Activist investor Jonathan Litt is again urging Hudson’s Bay Co. to explore ways to unlock the value of its real estate, arguing the owner of Saks Fifth Avenue should look to Macy’s Inc. for an example of how to improve shareholder value -- or even sell itself to its American rival.
Litt said in a letter to Hudson’s Bay shareholders that he continues to monitor the company’s performance and may consider nominating directors or calling a special meeting now that his settlement agreement with the Toronto-based department store owner has expired.
“Hudson’s Bay could learn a lot from the way Macy’s has built a credible real estate team to help drive its turnaround,” Litt wrote in the letter released Thursday. “One could even reasonably ask whether the most logical course for HBC at this point would be an acquisition by Macy’s as opposed to trying to play catch up."
Litt’s Land & Buildings Investment Management owns a 6.2 per cent stake and has been agitating for a year for the company to unlock its real estate and return value to shareholders.

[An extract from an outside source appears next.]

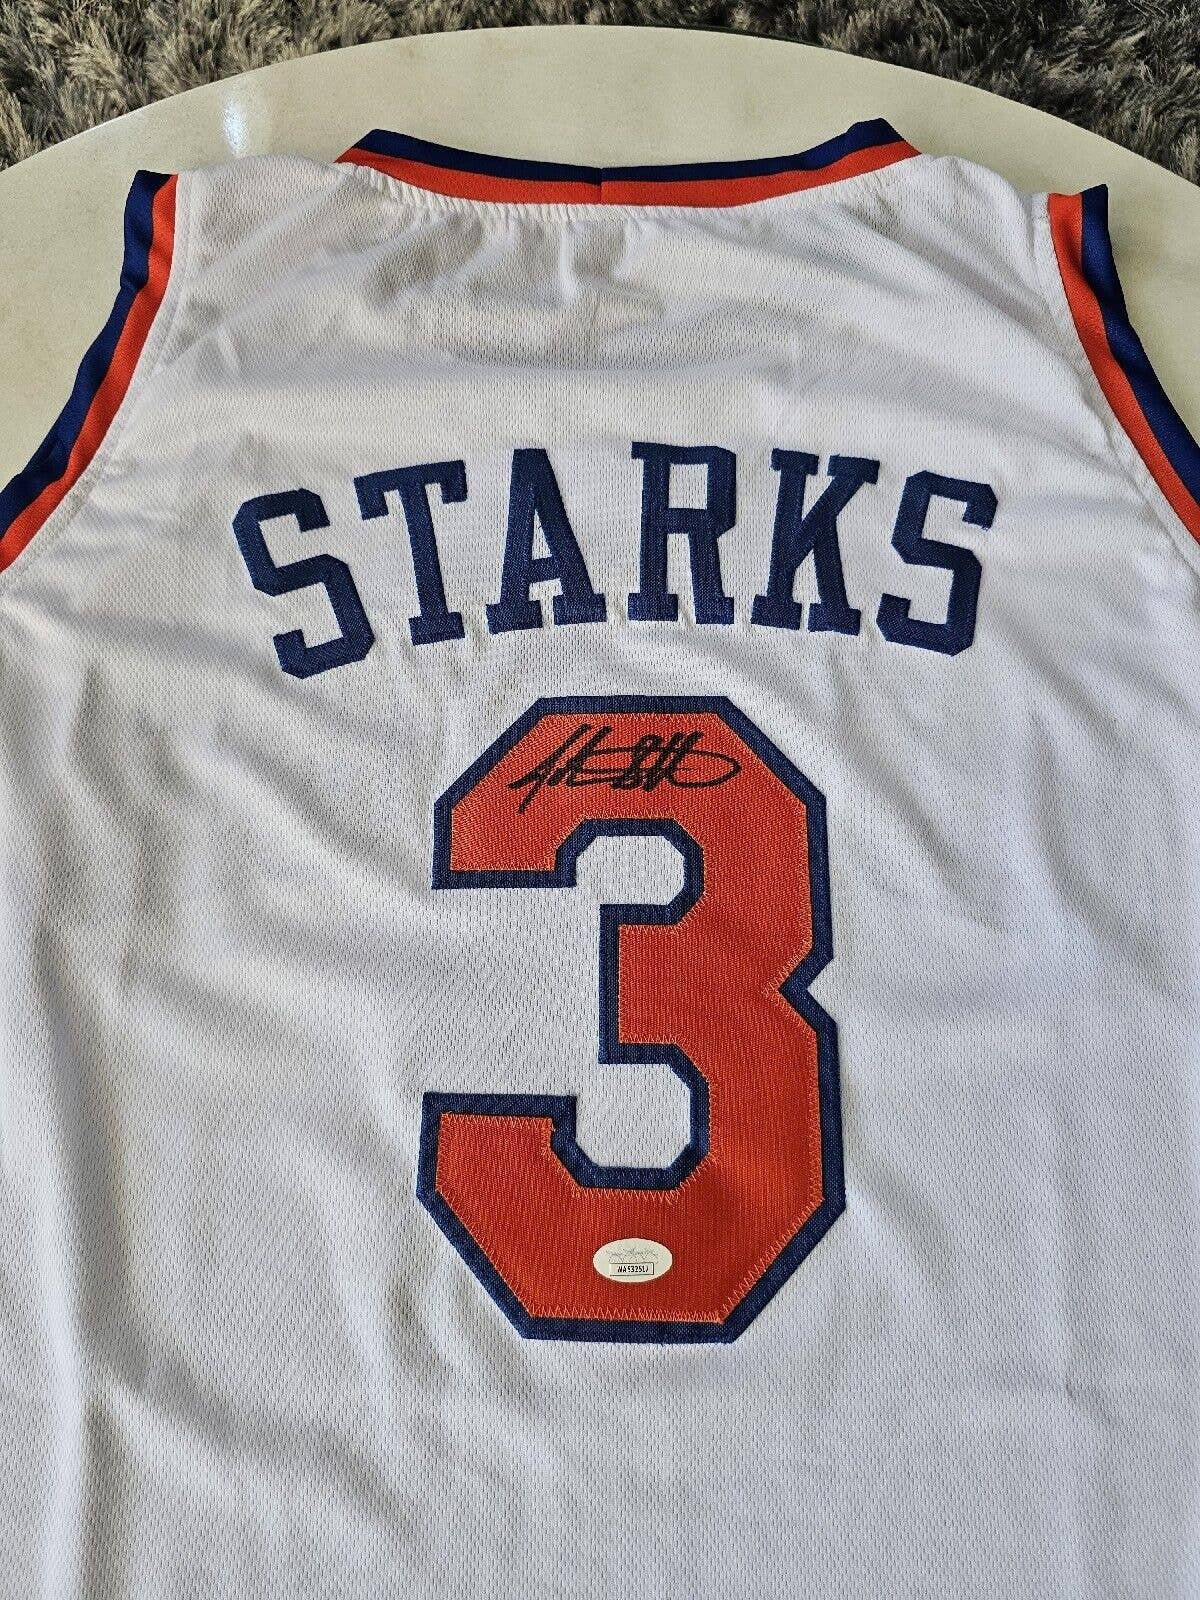 Shirts, John Starks Autographedsigned Jersey Jsa Coa New York Knicks Ny

He said the real estate alone is worth $31 a share, almost three times Hudson’s Bay’s stock price of about $11.70.
“The Saks Fifth Avenue flagship in Manhattan is worth more than where the stock currently trades," he said.

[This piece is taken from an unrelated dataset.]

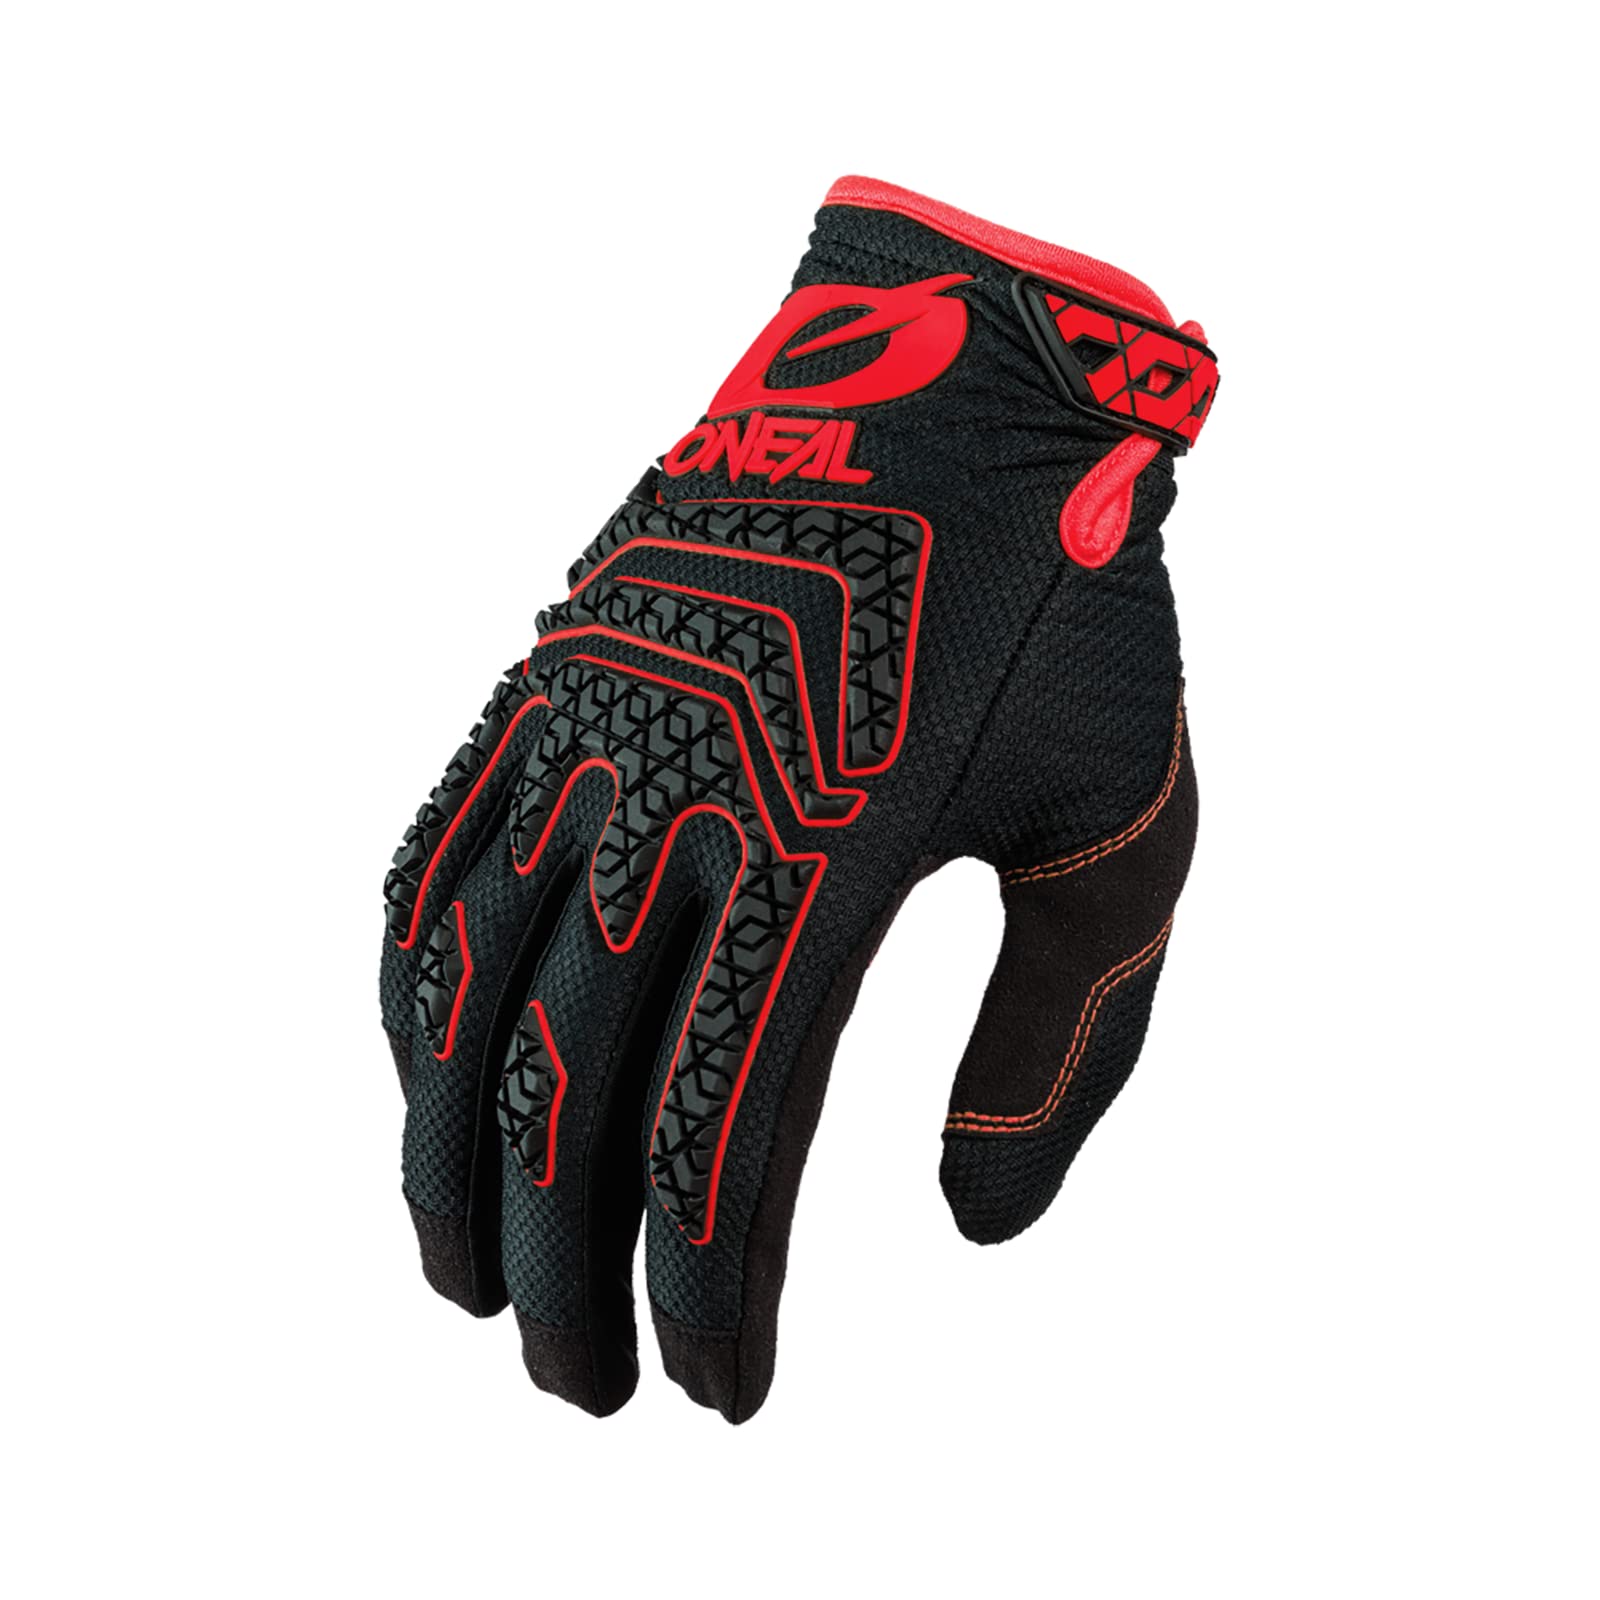 O'NEAL | Fahrrad- & Motocross-Handschuhe | MX MTB DH FR Downhill Freeride | Langlebige, Flexible Materialien, Silikonprint für Grip | Sniper Elite Glove | Erwachsene | Schwarz Rot | Größe L von O'NEAL

Real estate is already part of the struggling retailer’s turnaround plan. Hudson’s Bay is in talks to sell its prime location in Vancouver and agreed to sell Lord & Taylor’s flagship store in Manhattan for $850 million last year. It’s also cutting other losses, selling flash-sale website Gilt earlier this month to Rue La La. A representative for HBC couldn’t be reached for comment Thursday.
Chairman Richard Baker was asked about the real estate initiative earlier this month at Hudson’s Bay’s annual meeting. He cited partnerships in some cities with retailers such as TopShop or office-sharing firm WeWork Cos., which is taking over some stores’ top floors.
Baker also came under fire at the meeting after some investors, including the Ontario Teachers’ Pension Plan and the California Public Employees’ Retirement System, voted against his pay package that totals almost $55 million including performance-based awards.
Litt reached a truce with Hudson’s Bay in December that expired at the annual meeting. He said shareholders made it clear at the AGM that the company was not moving fast enough to monetize its real estate portfolio.
He noted Macy’s stock price is up more than 50 per cent this year on the back of better than expected guidance and its efforts to explore real estate deals. HBC has gained about 4 per cent this year.
He said it was too early to evaluate the performances of Hudson’s Bay’s recently appointed Chief Executive Officer Helena Foulkes and Chief Financial Officer Edward Record. Litt is concerned about Foulke’s lack of retail experience and that there have been no operational improvements during her tenure.
“In 2018 thus far, the Department Store Index is up nearly 40 per cent while Hudson’s Bay’s share price is nearly flat year-to-date. It has become clear that the familiar refrain blaming the challenges of the macro retail environment no longer rings true," Litt said.
Last month, Litt won a seat on the board of Taubman Centers Inc. after his second proxy fight at the U.S. mall owner.